This problem maps to Binary Search through a short path in the full flowchart.

For each bit position, finding the longest strictly increasing subsequence among numbers that share that bit uses binary search for LIS construction.

Open in Flowchart

Intuition

The challenge in this problem comes from the two conditions that must hold together: the subsequence has to be strictly increasing, and its bitwise AND must be non-zero. The increasing part alone is the well-known "Longest Increasing Subsequence" (LIS) problem. The tricky addition is the non-zero AND requirement.

Let's focus on what it means for the bitwise AND of a group of numbers to be non-zero. The AND operation keeps a bit set to 1 only if that bit is 1 in every number. So the final AND is non-zero if and only if there is at least one bit position where all the chosen numbers have a 1.

This observation is the key that unlocks the problem. Instead of trying to track the AND value while building the subsequence (which would be complicated), we can flip the perspective: rather than asking "what is the AND of this subsequence?", we ask "is there a common bit shared by every number?"

If we fix a single bit position i, then any subsequence made only of numbers that have a 1 at bit i automatically has a non-zero AND, because bit i survives the AND operation for all of them. This means once we restrict ourselves to numbers sharing bit i, the non-zero AND condition is guaranteed for free, and we only need to worry about finding the longest strictly increasing subsequence among those numbers.

So the plan becomes:

Enumerate every possible bit position i (from 0 up to the highest bit appearing in nums).
For each bit i, collect all numbers that have a 1 at that position, keeping their original order.
Run the standard LIS algorithm on this filtered list to get the longest valid subsequence sharing bit i.
The answer is the maximum LIS length found across all bit positions.

Why is enumerating just single bits enough? Because if the optimal subsequence has a non-zero AND, that AND itself has at least one bit set to 1. That particular bit is shared by every element of the subsequence, so when we enumerate that exact bit, the entire optimal subsequence will be included in our filtered list and captured by the LIS computation. We never miss the best answer.

For the LIS part, we use the efficient patience-sorting style approach with binary search (bisect_left), maintaining an array g where g[j] holds the smallest possible tail value of an increasing subsequence of length j + 1. Using bisect_left ensures the subsequence stays strictly increasing, and the final length of g gives the LIS length for that filtered list.

Solution Approach

We use the pattern Enumeration + Longest Increasing Subsequence (LIS). The idea is to enumerate each bit position, filter the numbers that share that bit, and compute the LIS on the filtered list. Below is a step-by-step walk-through of the implementation.

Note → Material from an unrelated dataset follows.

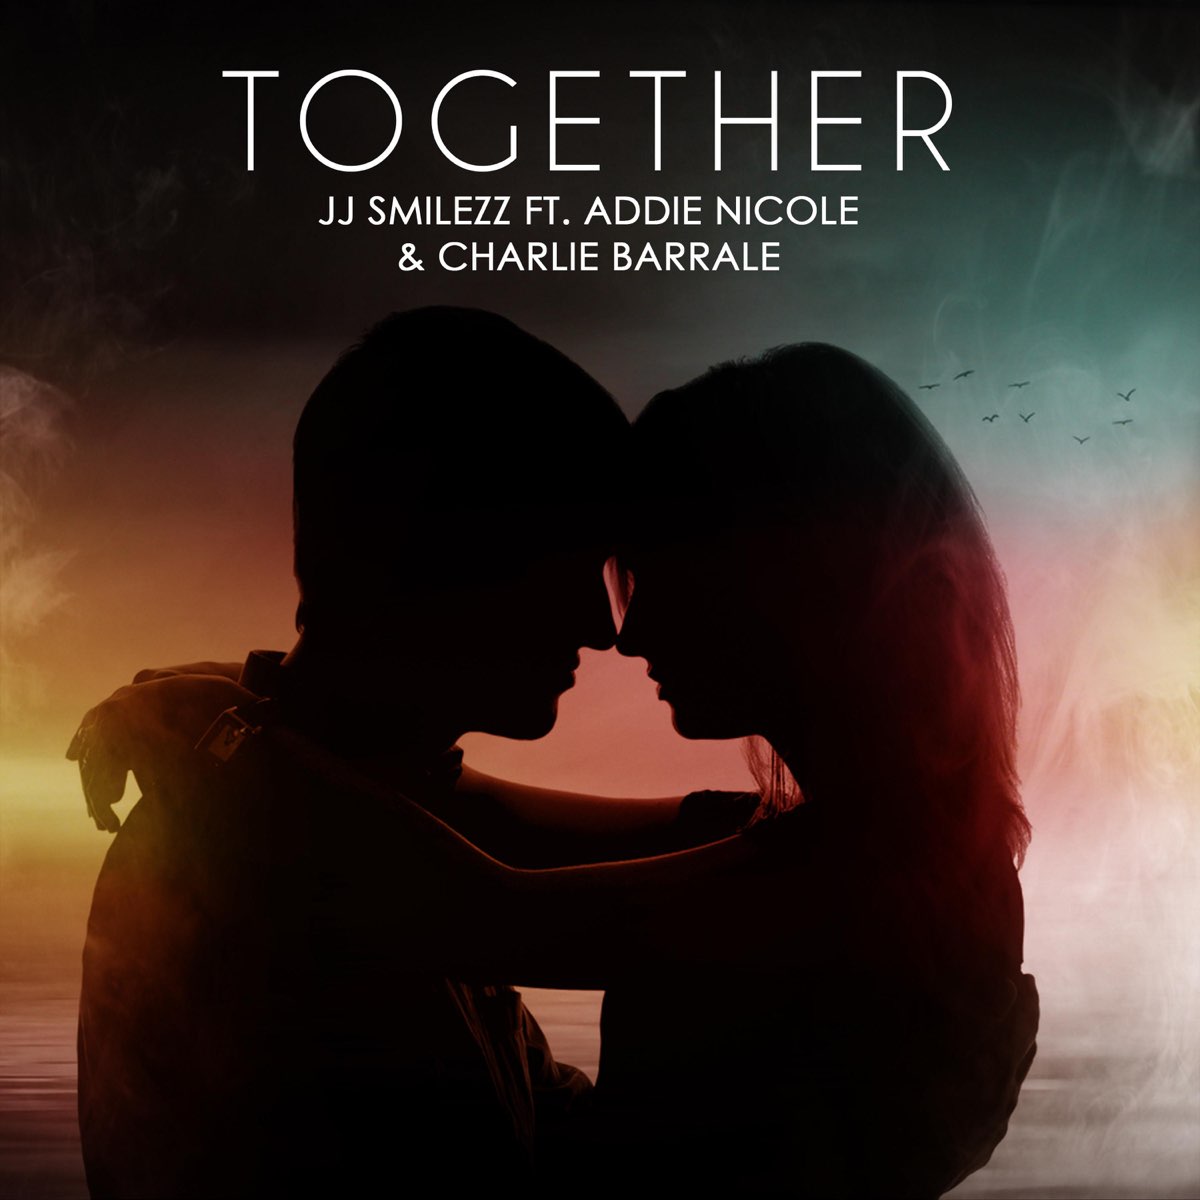 You and i together песня. Together песня. Nicole JJ). -Smilezz.

Step 1: Determine how many bits we need to check

We only need to consider bit positions that actually appear in the data. The highest such position is bounded by the largest number in nums:

m = max(nums).bit_length()

Here m is the number of bits required to represent the maximum value. So valid bit positions range from 0 to m - 1.

Step 2: Enumerate each bit position

For each bit i in range(m), we build a filtered list arr containing only the numbers whose bit i is set to 1. The order of the original array is preserved, which is essential because subsequences must respect the original ordering:

arr = [x for x in nums if x >> i & 1]

The expression x >> i & 1 shifts x right by i positions and masks the lowest bit, giving 1 if bit i of x is set and 0 otherwise. Every number in this arr shares bit i, so any subsequence drawn from arr is guaranteed to have a non-zero bitwise AND.

Step 3: Compute the LIS on the filtered list

For each filtered list, we run the helper function lis, which uses the classic patience-sorting / greedy with binary search technique:

def lis(arr: List[int]) -> int:
    g = []
    for x in arr:
        j = bisect_left(g, x)
        if j == len(g):
            g.append(x)
        else:
            g[j] = x
    return len(g)

Here is how this works:

g is a list where g[j] stores the smallest possible tail value of an increasing subsequence of length j + 1.
For each element x, we use bisect_left(g, x) to find the leftmost position j where x could be placed.
- If j == len(g), then x is larger than every tail in g, so it extends the longest subsequence found so far, and we append it.
- Otherwise, x replaces g[j], keeping the tail as small as possible so future numbers have a better chance of extending the sequence.
The use of bisect_left (rather than bisect_right) ensures the subsequence remains strictly increasing. If x equals an existing value, bisect_left lands on that value's position and replaces it, preventing equal elements from being counted as part of the same increasing run.
The final length of g equals the length of the longest strictly increasing subsequence.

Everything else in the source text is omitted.